The positional argument to the forms.Form subclass informs Django that you intend to process a form rather than just display a blank/default form. Your if request.method == 'GET' isn't making the distinction that you want because regular old web requests by typing a URL in a web browser or clicking a link are also GET requests, so request.method is equal to GET either way.
You need some differentiating mechanism such that you can tell the difference between a form display and a form process.
Ideas:
If your processing is done via. AJAX, you could use if request.is_ajax() as your conditional.
Alternatively, you could include a GET token that signifies that the request is processing. Under this example, first you'd need something in your form:
<input type="hidden" name="action" value="process_form" />
And then you can look for that value in your view:
if 'action' in request.GET and request.GET['action'] == 'process_form':
form = myForm(request.GET)
if form.is_valid():
# form processing code
else:
form = myForm()
I'll also give you the standard, boilerplate point that it's generally preferable not to use GET for form processing if you can help it (precisely because you run into difficulties like this since you're using an anomalous pattern), but if you have a use case where you really need it, then you really need it. You know your needs better than I do. :-)
If your clean page load doesn't have any non form GET params, you can differentiate between a clean page load and a form submit in your view. Instead of the usual
form = YourForm()
if request.POST:
you can do
if request.GET.items():
form = YourForm(request.GET)
if form.is_valid():
...
else:
form = YourForm()
If your clean page load could have other params (eg email link tracking params) you'll need to use the QueryDict methods to test if any of your form params are in the request.
request.GET is and empty dictionary when you first load a clean form. Once you have submitted the form, request.GET will be populated with your fields data, even if the fields contain only empty data.
My first question is this, which I posted as comment:
Why not just use request.POST and the standard way of processing form data?
After considering everything here, perhaps what you are looking for is a way of processing data in your query string to populate a form. You can do that without using request.GET as your form.data.

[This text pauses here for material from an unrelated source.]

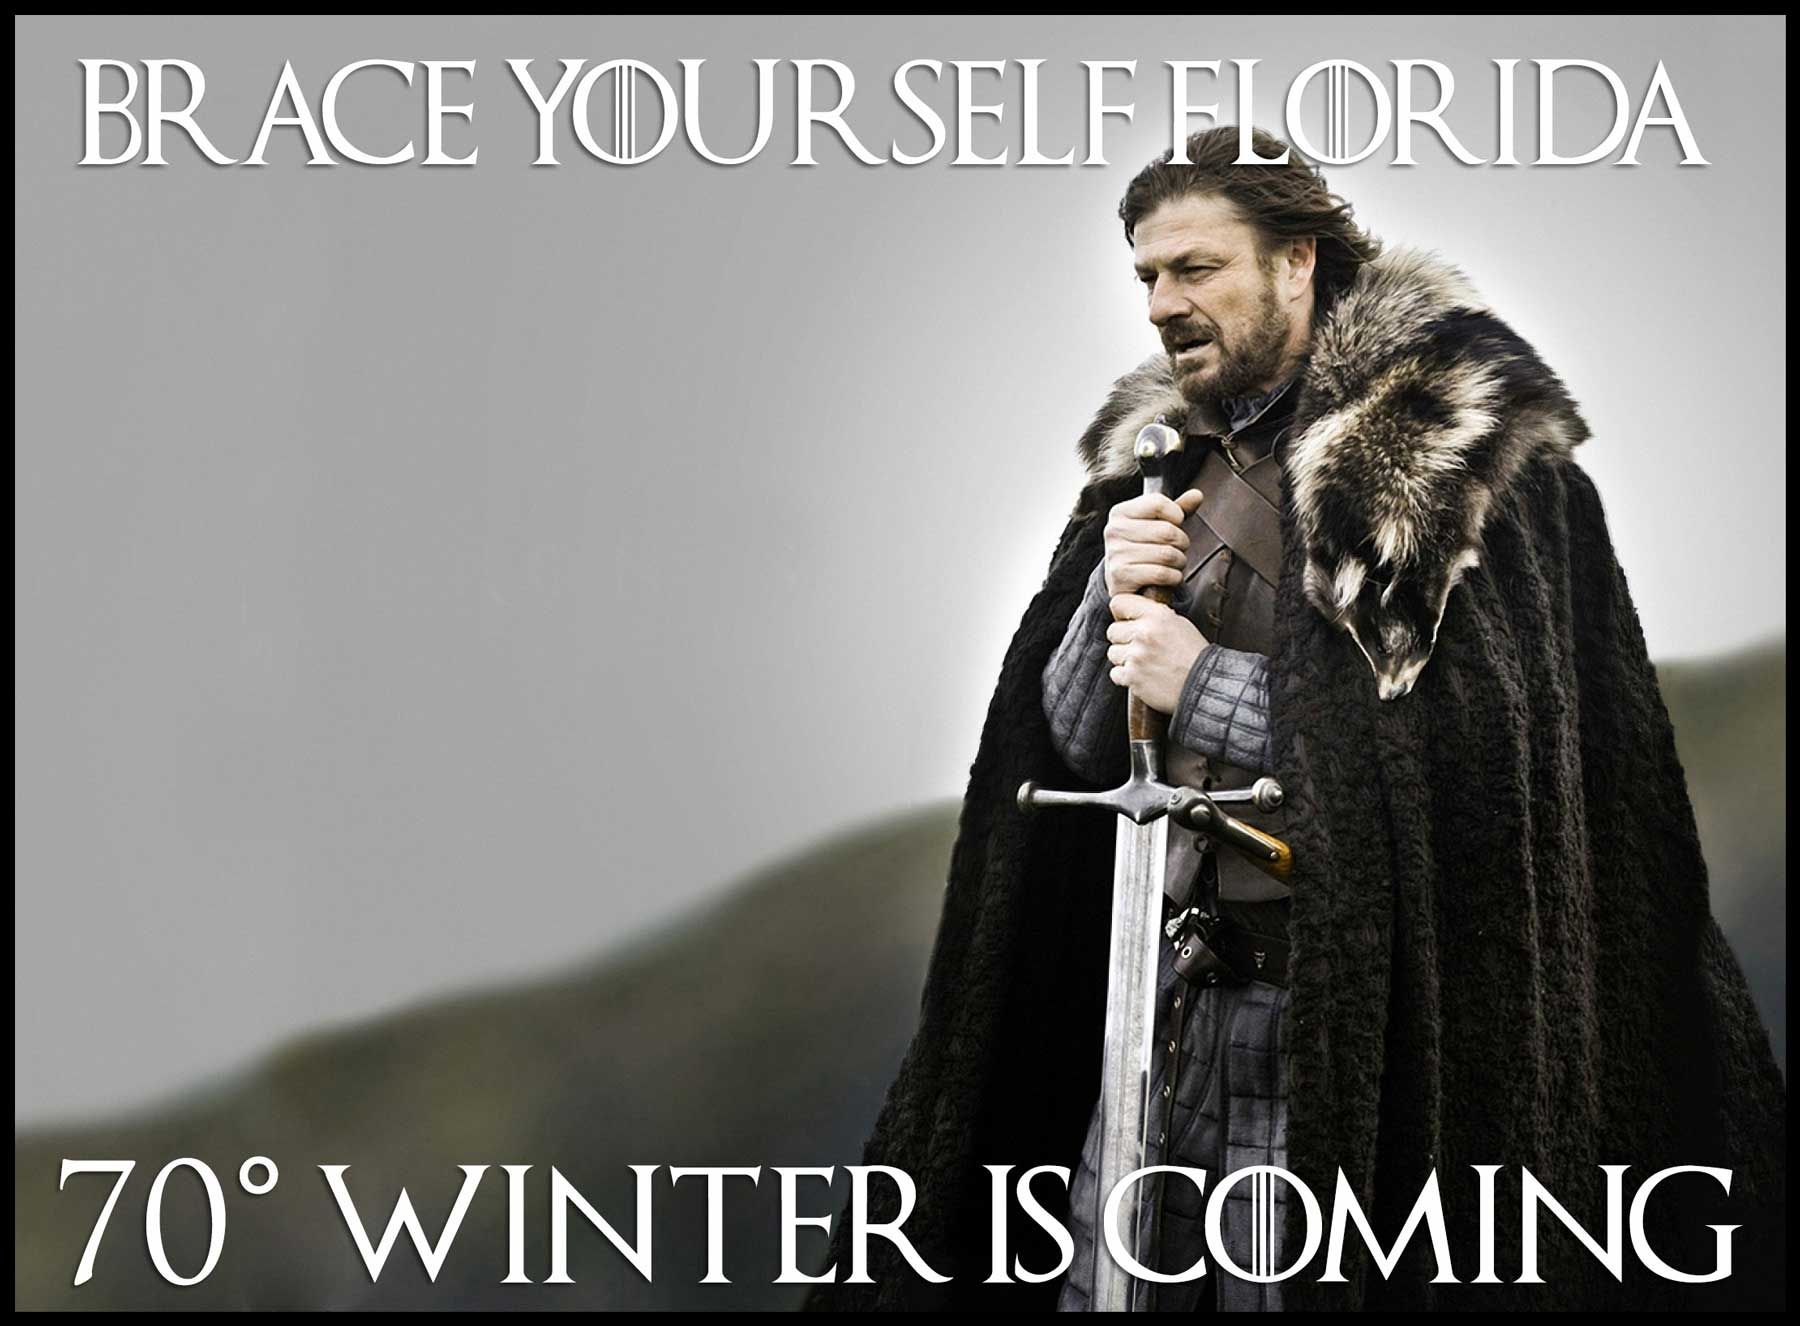 Game of Thrones Memes Winter is coming meme, Memes, Florida

In my own views, I take advantage of a utility function I created to add initial data to the form from request.GET, but I am not going to share that function here. Here's the signature, though. initial_dict is typically request.GET. model_forms is either a single ModelForm or a list of ModelForm.
def process_initial_data(model_forms, initial_dict):
Nevertheless, I am able to process the form through the standard practice of using request.POST when the form is POSTed. And I don't have to pass around all kinds of information in the URL query string or modify it with JavaScript as the user enters information.